Fiona Spellman, Chief Executive of SHINE, discusses the two strategic partnerships SHINE has recently made in order to establish the context in which disparities exist.
Since SHINE took the bold decision to relocate out of London, it has become increasingly apparent to us that the educational challenges facing young people in the Northern Powerhouse region today are geographically unique. In the face of the common North/South division rhetoric, which tends to pit the success of London schools against the relative failures of schools in the North, SHINE recognises the need to understand the differing challenges that face disadvantaged pupils across the North of England. The issue cannot be solved by a one-size fit all approach. The techniques adopted in London will not achieve the same success in the North of England, as the contextual disparities are fundamentally different.
With this in mind, SHINE has taken steps to ensure that we, as a charity, can understand and highlight the challenges that face pupils with a view to identifying projects that will make the biggest impact, at a local level. SHINE has recently launched two strategic partnerships with Right to Succeed and Schools North East as part of our approach to achieve this.
Right to Succeed is an organisation that works to effectively deliver place-based change in education. It is their mission to deploy a collective approach that works with local stakeholders to identify and solve educational problems using evidence-based solutions which are driven by local context and needs.
Graeme Duncan, CEO, states, “Right to Succeed are thrilled to be working in partnership with SHINE on 2 major placed based initiatives in the North West. The partnership sees us working together with local stakeholders to create the conditions where major projects could have a significant impact on outcomes across the place.”

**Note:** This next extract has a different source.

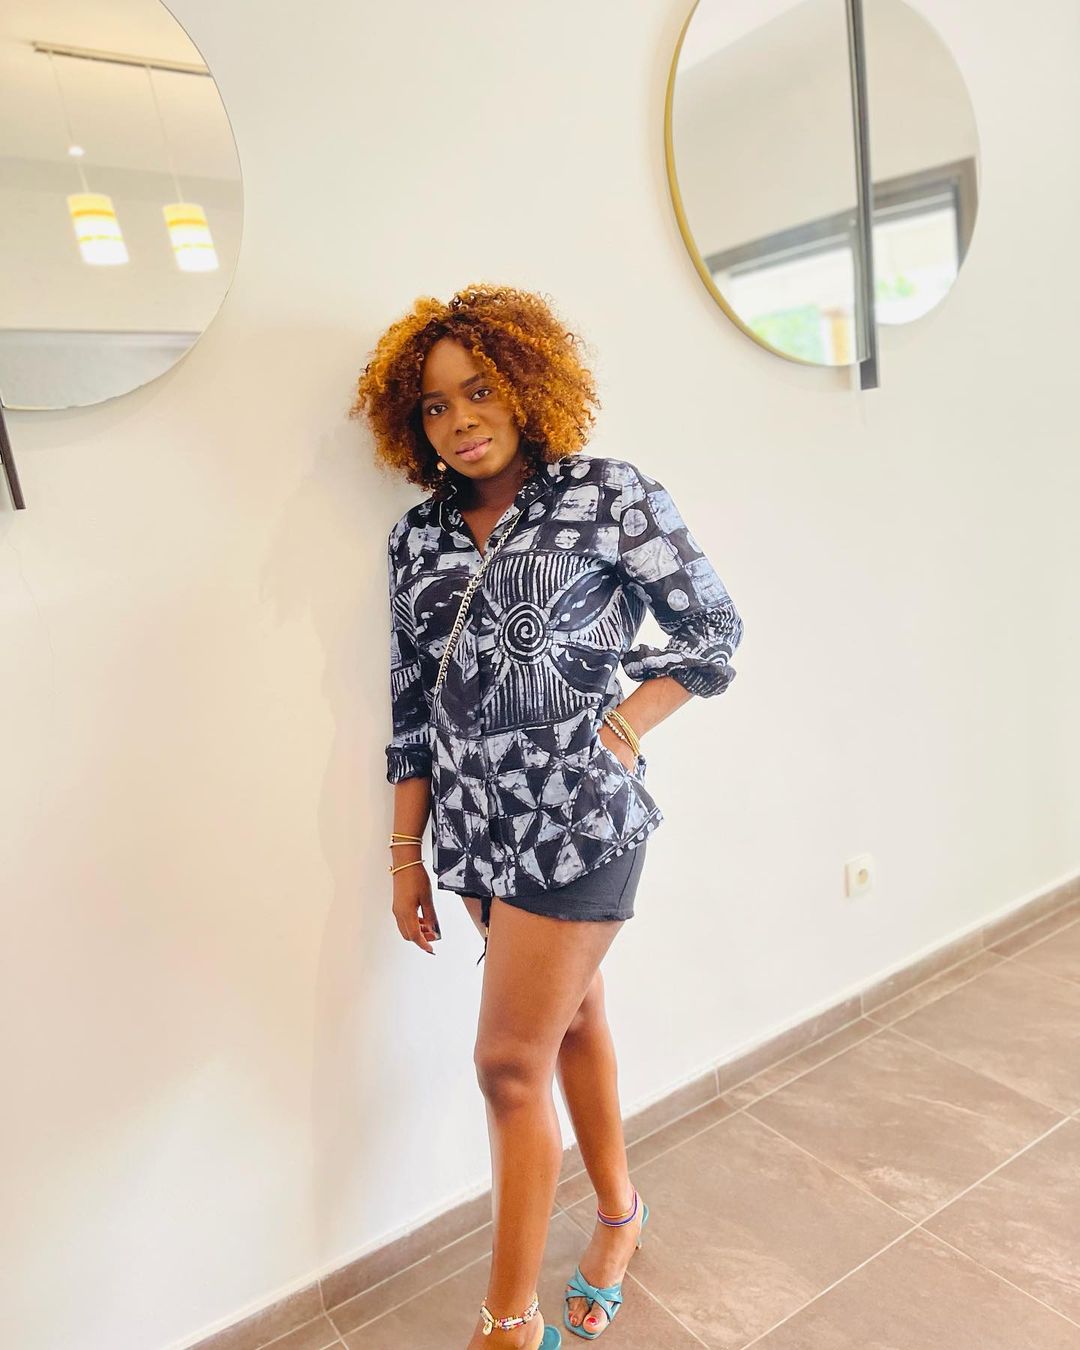 Shirt and short Adire combo by Asologe on Bellafricana Marketplace
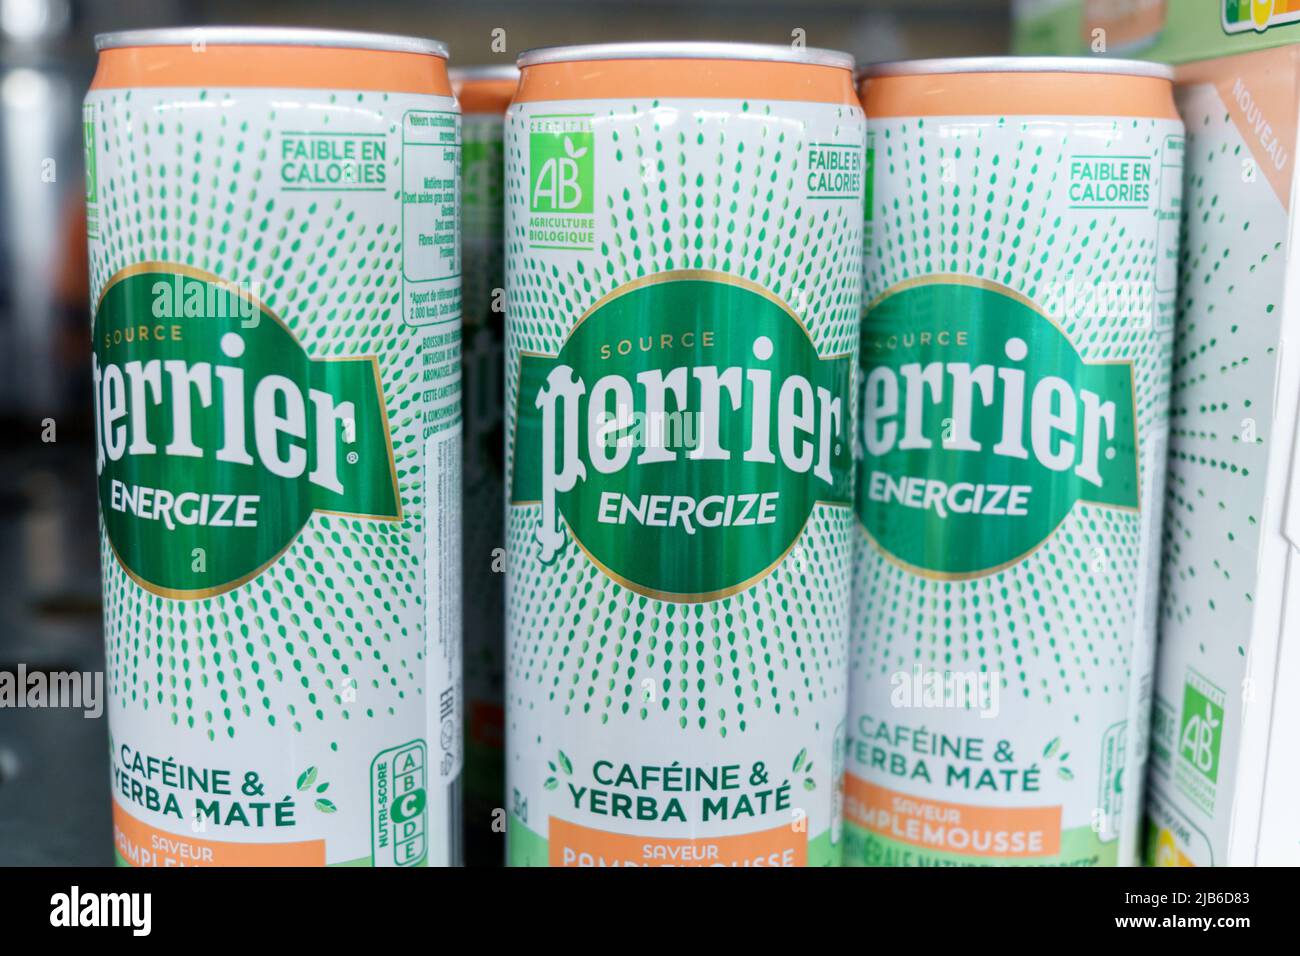 Tyumen, Russia-May 11, 2022: Mineral water bottles Perrier energize cofeine yerba mate. French brand of premium mineral water. Selling in the hypermar Stock Photo

As part of this partnership, SHINE is supporting a ‘Discovery’ process of how to deliver place-based change in Manchester, more specifically focusing on reducing exclusions. This is a particularly relevant need which has been highlighted by the case involving the Urbis gang last summer. This 16-strong gang, consisting mostly of 13 to 14-year olds which tormented Manchester suburbs and the city centre. They were charged with 107 crimes in total, ranging from knife crime to theft of property from a homeless man. The critical factor is that all members of the Urbis gang met in the Pupil Referral Unit system- an organisation that provides education to pupils who have been excluded.
It is apparent here that there is a fundamental failure within the school system and in society at the early stages of development that is creating the conditions for pupils to become disengaged with school, develop serious behavioural issues and enter a cycle of isolation- unable to become functioning members of society. As Lucy Powell, Manchester Central MP, stated ‘it is a failure for all of us, not just for the individuals.’
Right to Succeed have correctly identified this common issue across Manchester and aim with the help of SHINE and other partners, to reduce exclusions across the City. With programme manager support for schools, they aim to identify the capability needs that underline the problems with behaviour and performance. The success rate in a previous pilot project, in partnership with Educational Diversity, Blackpool’s Pupil Referral Unity, contributed to a fall in exclusions from 51 in 2016 to 22 in 2017. SHINE aims to support and learn with Right to Succeed to develop context and understanding to tackle the exclusion rate in Manchester.
A similar knowledge-focused partnership has also been developed between SHINE and Schools North East. With a focus again on place-based transformative change, the partnership aims to tackle the barriers that are currently holding back children in the North East. This region has a very high number of early years providers who have an Ofsted rating of Good or Outstanding, yet this doesn’t correlate to successful outcomes at the end of compulsory education.
Through this partnership, SHINE aims to invest at least £500k in programmes developed by North East schools over the next three years. This will allow SHINE to gain a unique insight into the perspectives of schools in the region and the barriers they currently face in accessing funding. Working collaboratively with Schools North East will create a community of evidence-based education practitioners’ where contacts, lessons learned, and opportunities are shared and disseminated across the region – and all in the effort to narrow the attainment gap.
It has become clear to SHINE that regional as well as national networks need to be fostered to create a hub of evidence-based change – and this must live in and be owned by the North. In recognising this, SHINE has made strides in creating links with organisations to best source this knowledge and put it into practice.